▶ _Exercise directions_:
Print the line containing "A Ton Of Rooms", then every line after it through the end of the material, exactly as written and without pictures.

=== Available data ===

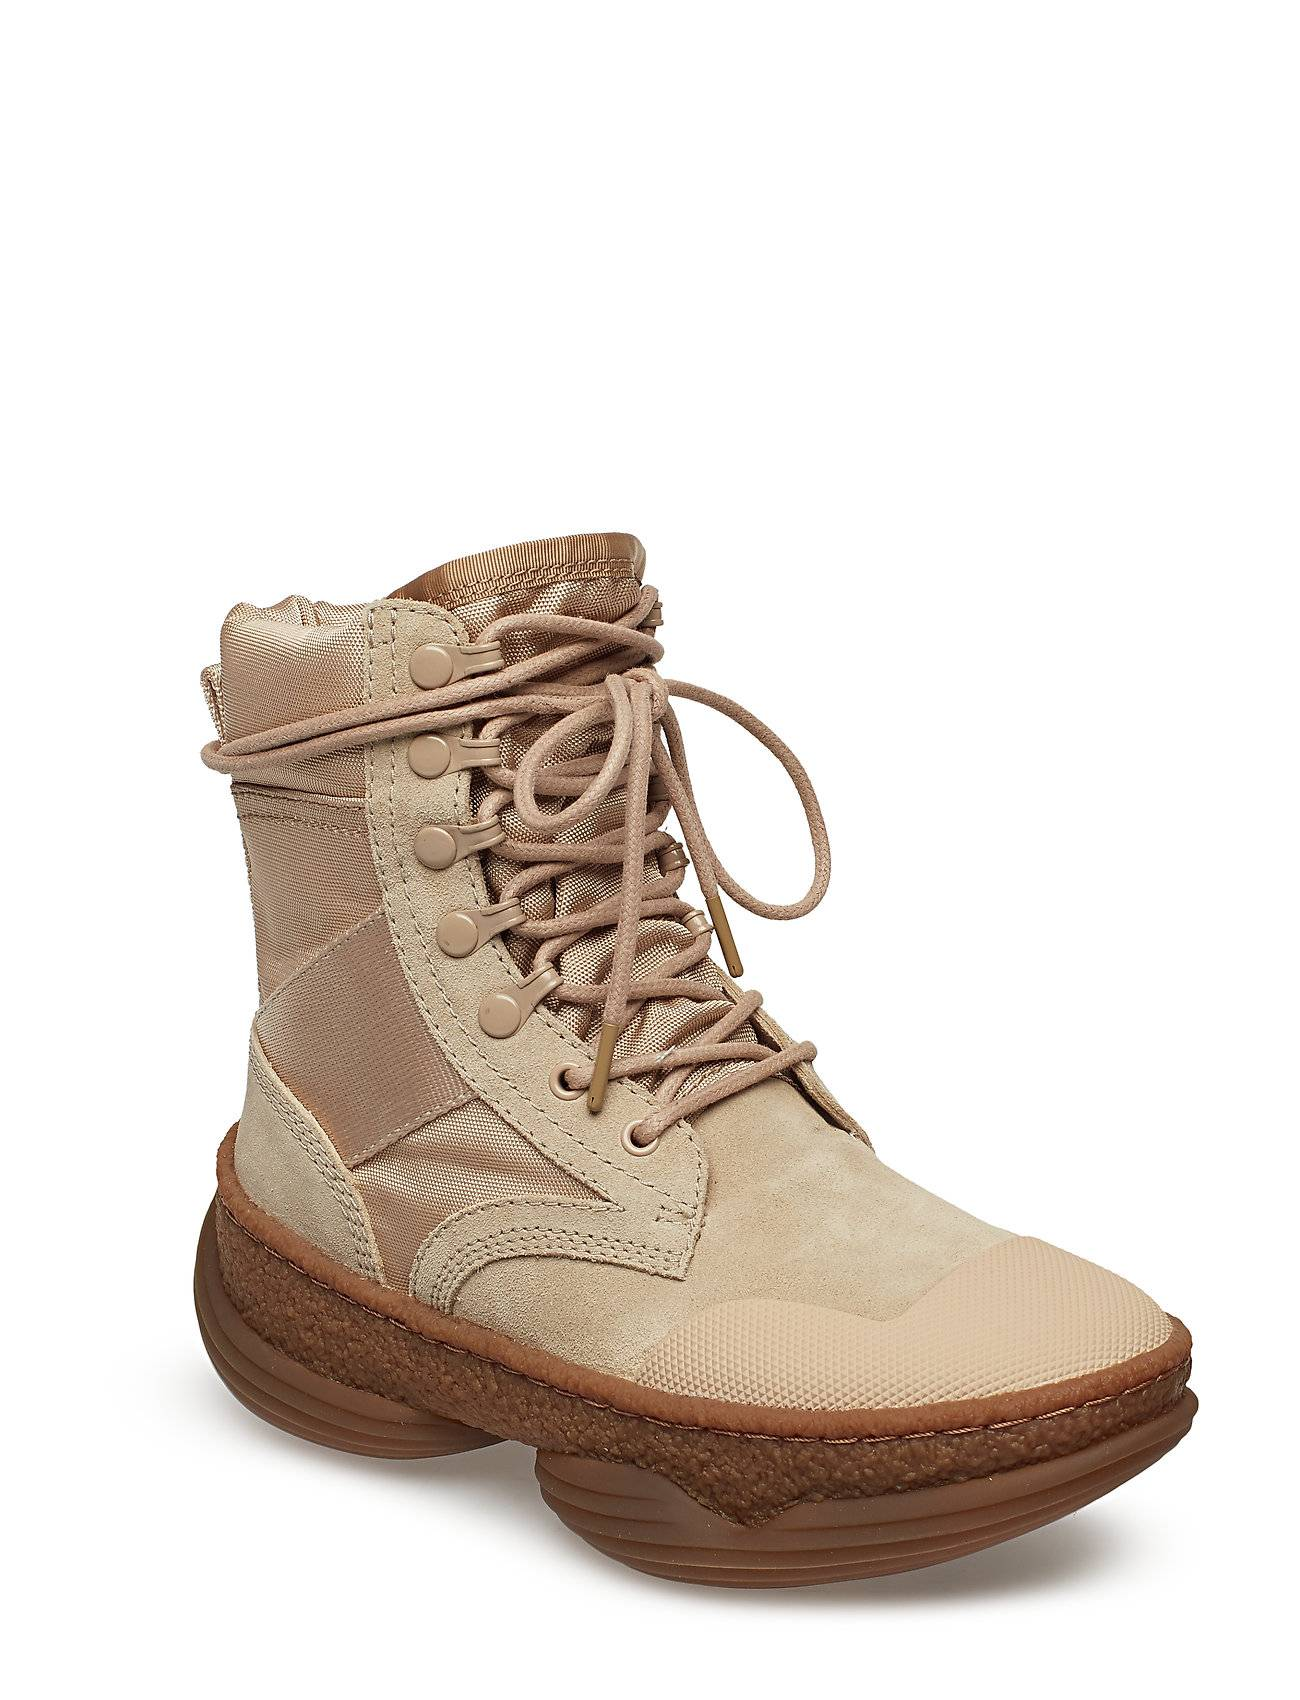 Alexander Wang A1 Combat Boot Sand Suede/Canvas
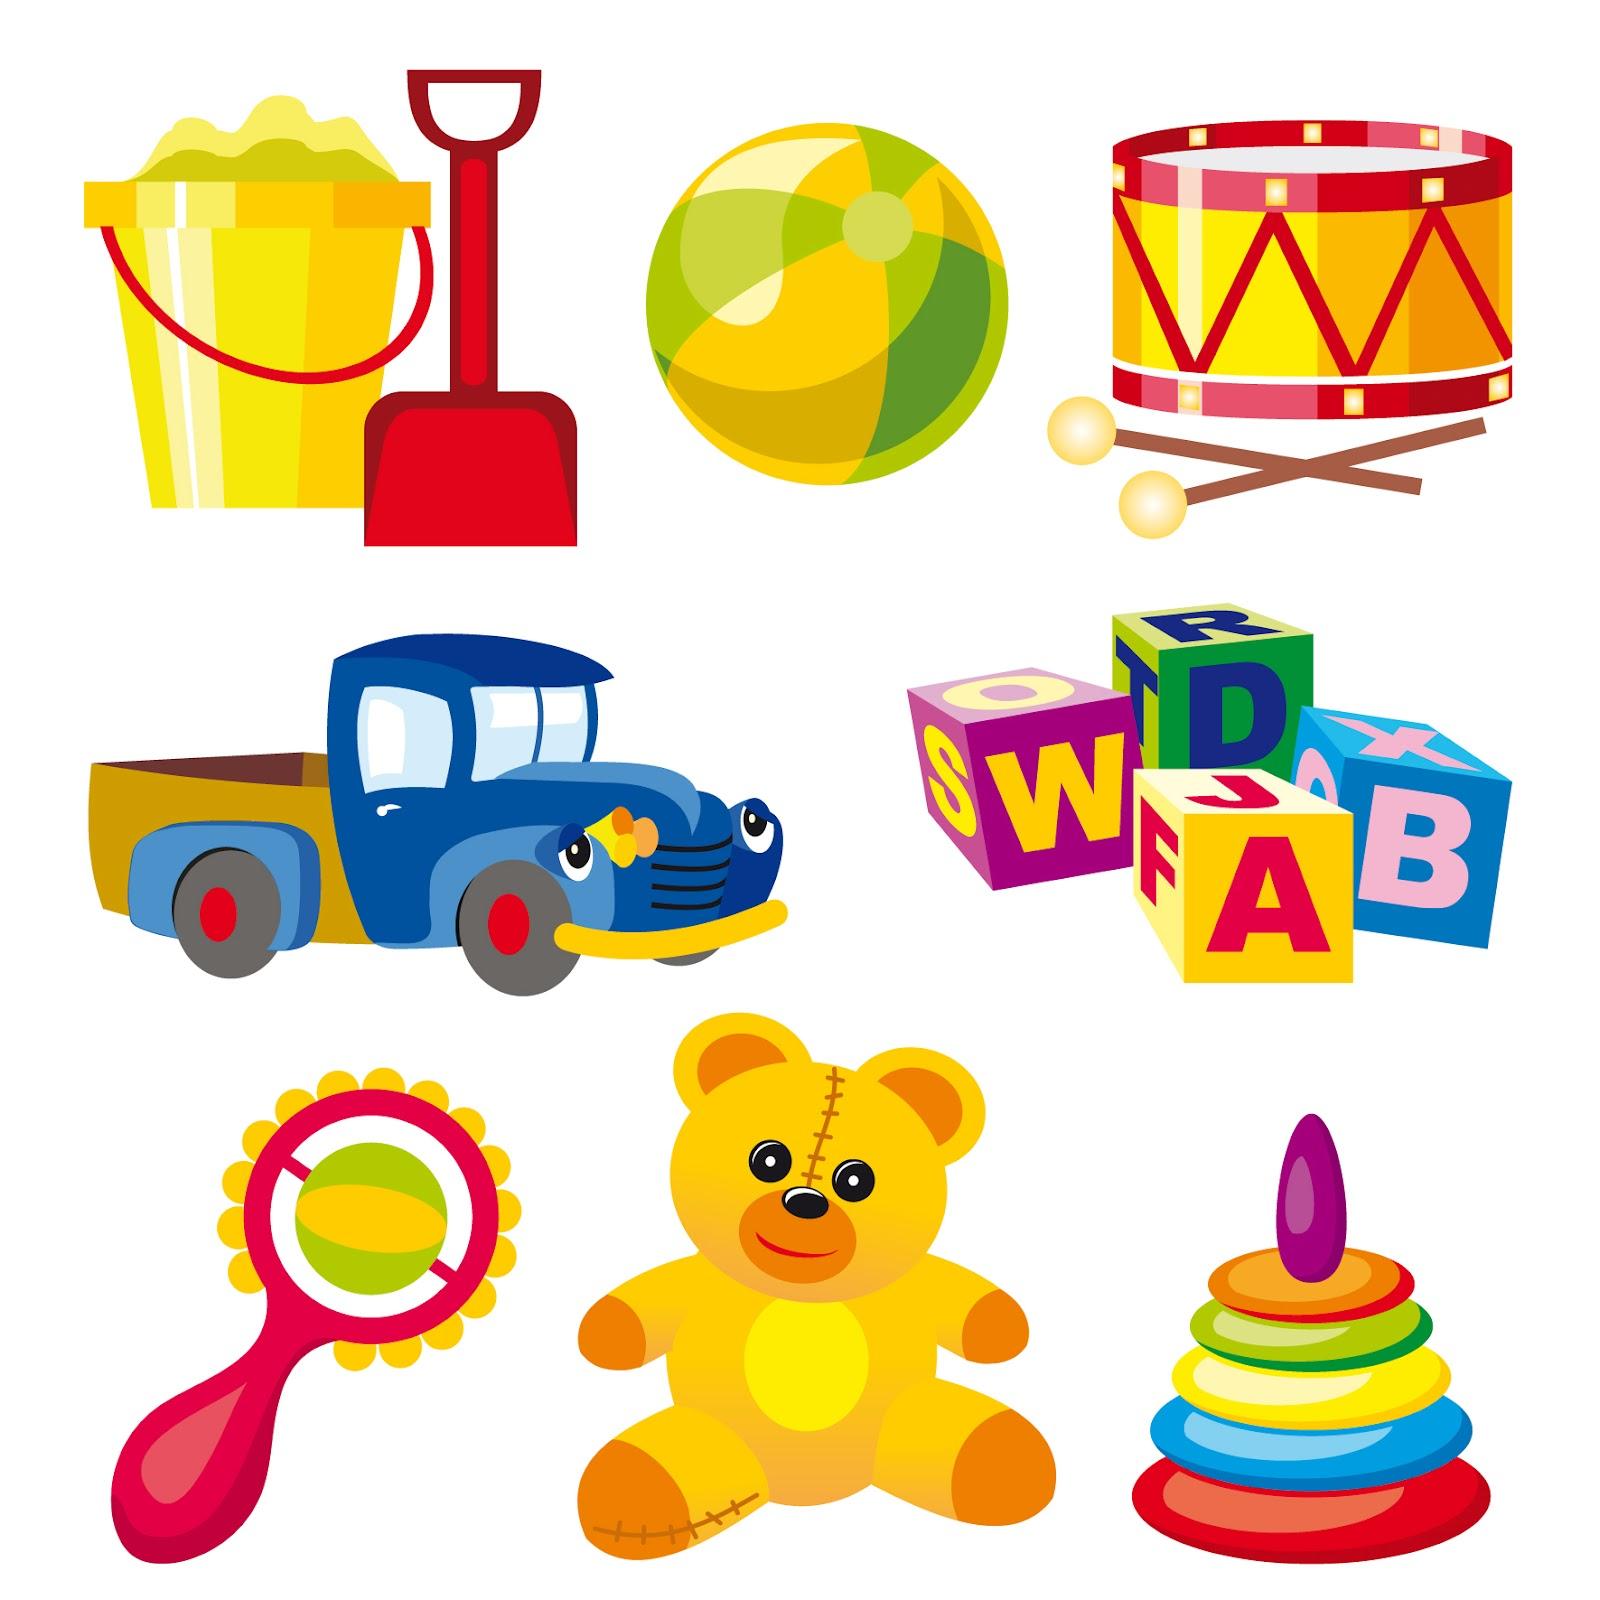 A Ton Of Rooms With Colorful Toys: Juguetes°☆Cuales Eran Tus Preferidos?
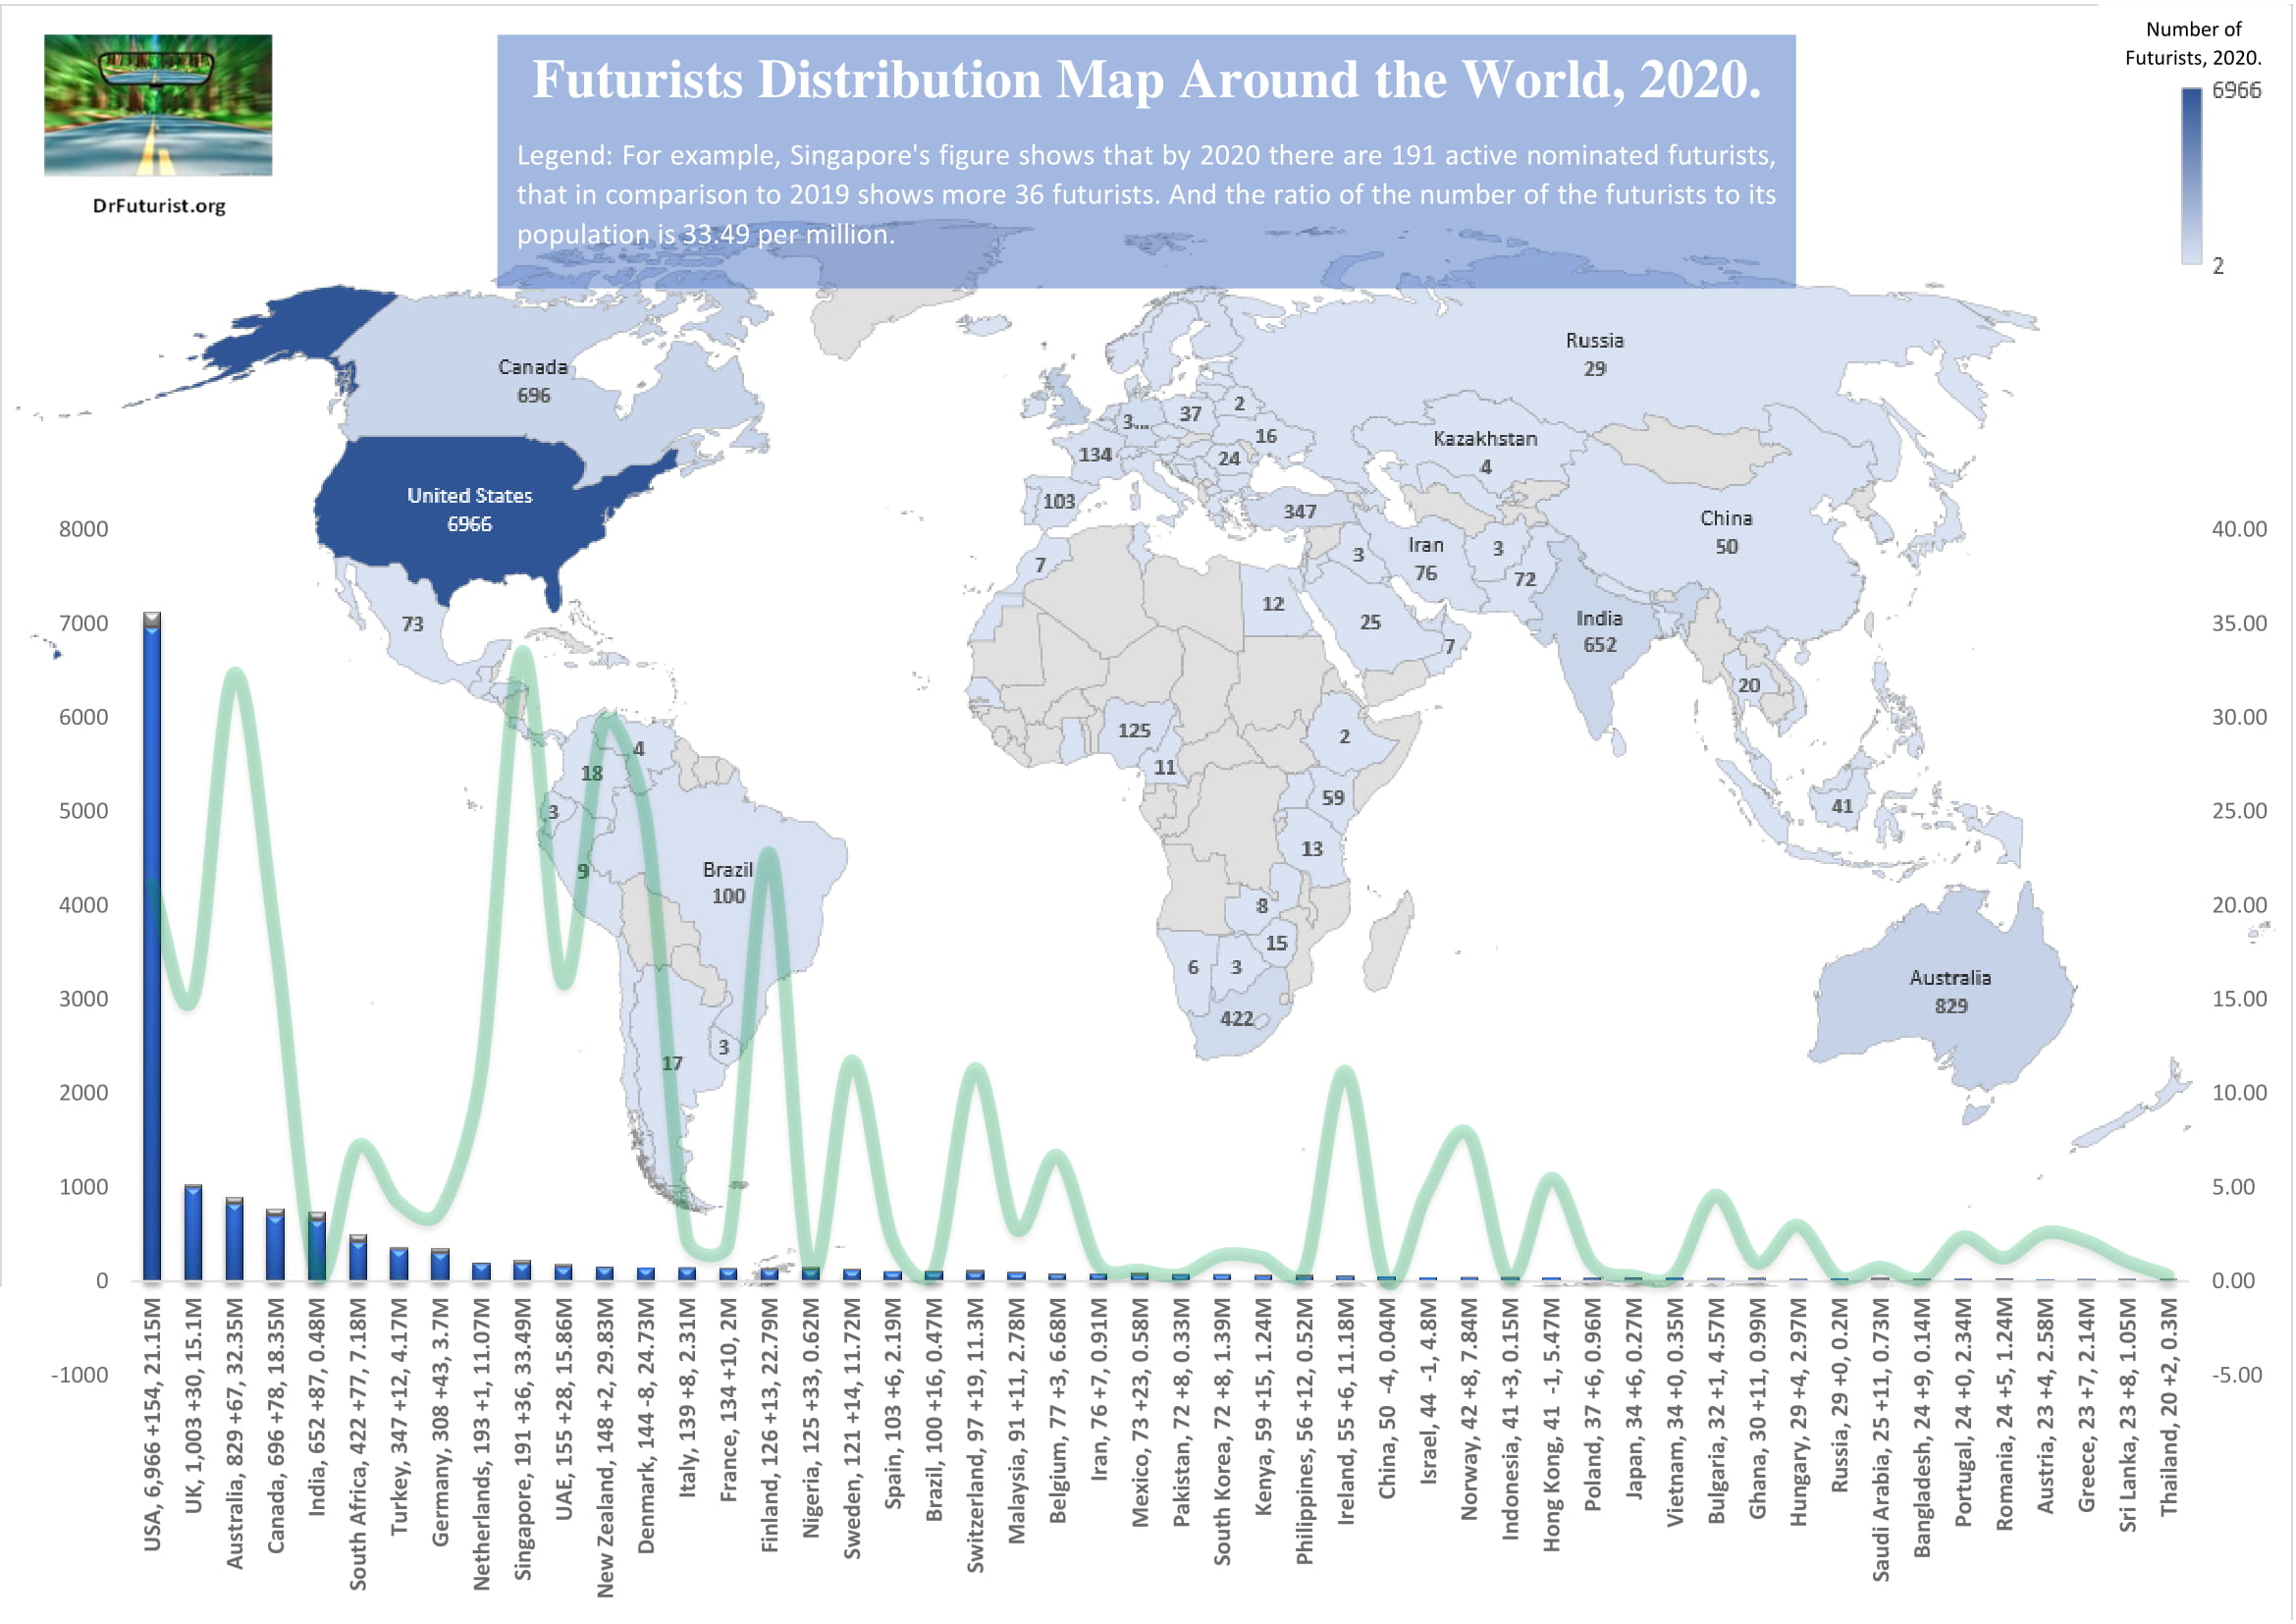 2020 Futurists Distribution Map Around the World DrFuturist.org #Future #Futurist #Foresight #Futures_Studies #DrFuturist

===

▶ _Task answer_:
 A Ton Of Rooms With Colorful Toys: Juguetes°☆Cuales Eran Tus Preferidos?
 2020 Futurists Distribution Map Around the World DrFuturist.org #Future #Futurist #Foresight #Futures_Studies #DrFuturist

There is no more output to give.